SyncSpeech: Efficient and Low-Latency Text-to-Speech based on Temporal Masked Transformer

Imagine you are trying to translate a book into a spoken audiobook. For a long time, computers had two main ways to do this, and both had a major flaw:

The "One-Word-at-a-Time" Robot (Autoregressive): This robot reads a word, thinks hard, says it, then reads the next word, thinks, and says it. It sounds very natural and human, but it's slow. It's like a snail that refuses to move until it has finished its current step. If you want the audiobook to start now, you have to wait for the snail to finish the first sentence before it even starts the second.
The "Whole-Page" Robot (Non-Autoregressive): This robot looks at the whole page, guesses what the whole sentence sounds like, and spits it out all at once. It's fast, but it's clumsy. It can't start speaking until it has the entire page in front of it. If you are reading a live news feed and the text is streaming in, this robot just sits there waiting, creating a long, awkward silence before it finally speaks.

Enter SyncSpeech: The "Conductor" Robot.

The paper introduces a new model called SyncSpeech. Think of it as a brilliant orchestra conductor who has learned to do the best of both worlds.

The Big Idea: The "Temporal Mask"

The secret sauce of SyncSpeech is something they call the Temporal Mask Transformer (TMT).

Imagine you are reading a script to a group of actors.

Old Way: You read one line, wait for the actor to say it, then read the next.
SyncSpeech Way: You read a line, and immediately you tell the actors, "Okay, for this line, you need to speak for exactly 3 seconds, and here are the 5 notes you need to hit." You don't wait for them to finish the line before you start planning the next one.

The "Temporal Mask" is like a special pair of glasses the computer wears. It looks at the text and says, "I know the next word is coming, but I'm going to predict how long that word will take to say and generate all the sounds for it right now, while I'm still reading the next word."

How It Works (The Analogy)

1. The "Look-Ahead" Trick (Streaming)
Imagine you are reading a text message that is being typed out in real-time.

The Problem: If you wait for the whole sentence, the conversation feels dead.
The SyncSpeech Solution: As soon as you see the first two words of the message, SyncSpeech starts talking. It doesn't wait for the period at the end. It predicts the rhythm and the sounds for the current word while the next word is still being typed. It's like a jazz musician who can start playing the next chord before the current one has fully faded out.

2. The "Batch" Generation (Efficiency)
In the old "One-Word-at-a-Time" method, the computer has to do a math calculation for every single sound wave (like 50 calculations for one second of speech).

SyncSpeech groups them up.

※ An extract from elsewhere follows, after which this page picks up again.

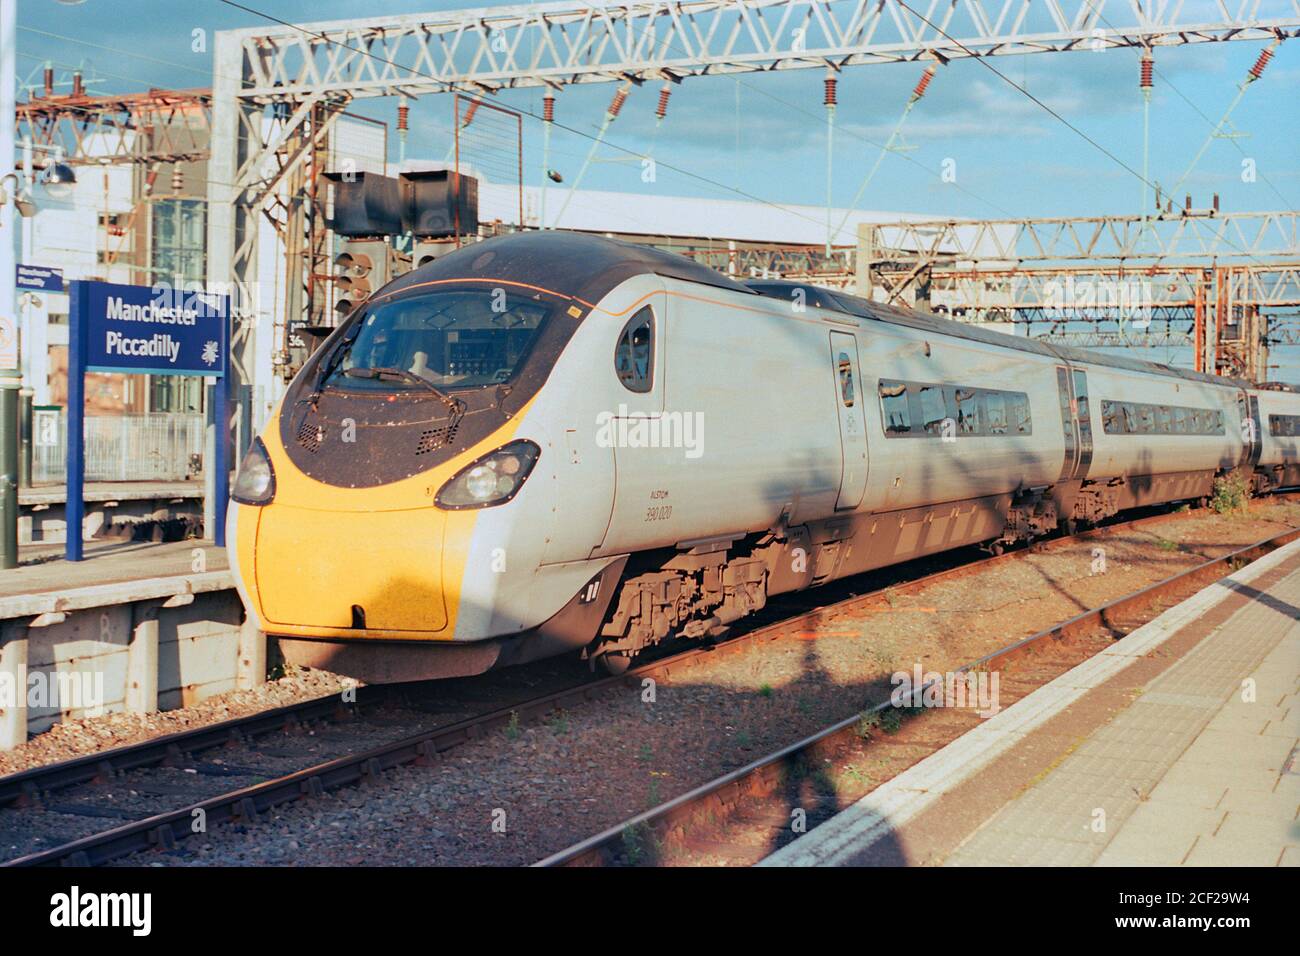 Manchester, UK - 1 September 2020: A electric high-speed train (Class 390) operating by Avanti West Coast at Manchester Piccadilly station. Stock Photo

It looks at a text word and says, "I need to generate 10 sound units for this word." It does all 10 calculations at the same time (in parallel).
Analogy: Imagine a bakery.
- Old Robot: Makes one cookie, puts it on a tray, makes another, puts it on a tray.
- SyncSpeech: Looks at the order for "10 cookies," and puts 10 cookies on the tray simultaneously. It's much faster, but the cookies still taste perfect.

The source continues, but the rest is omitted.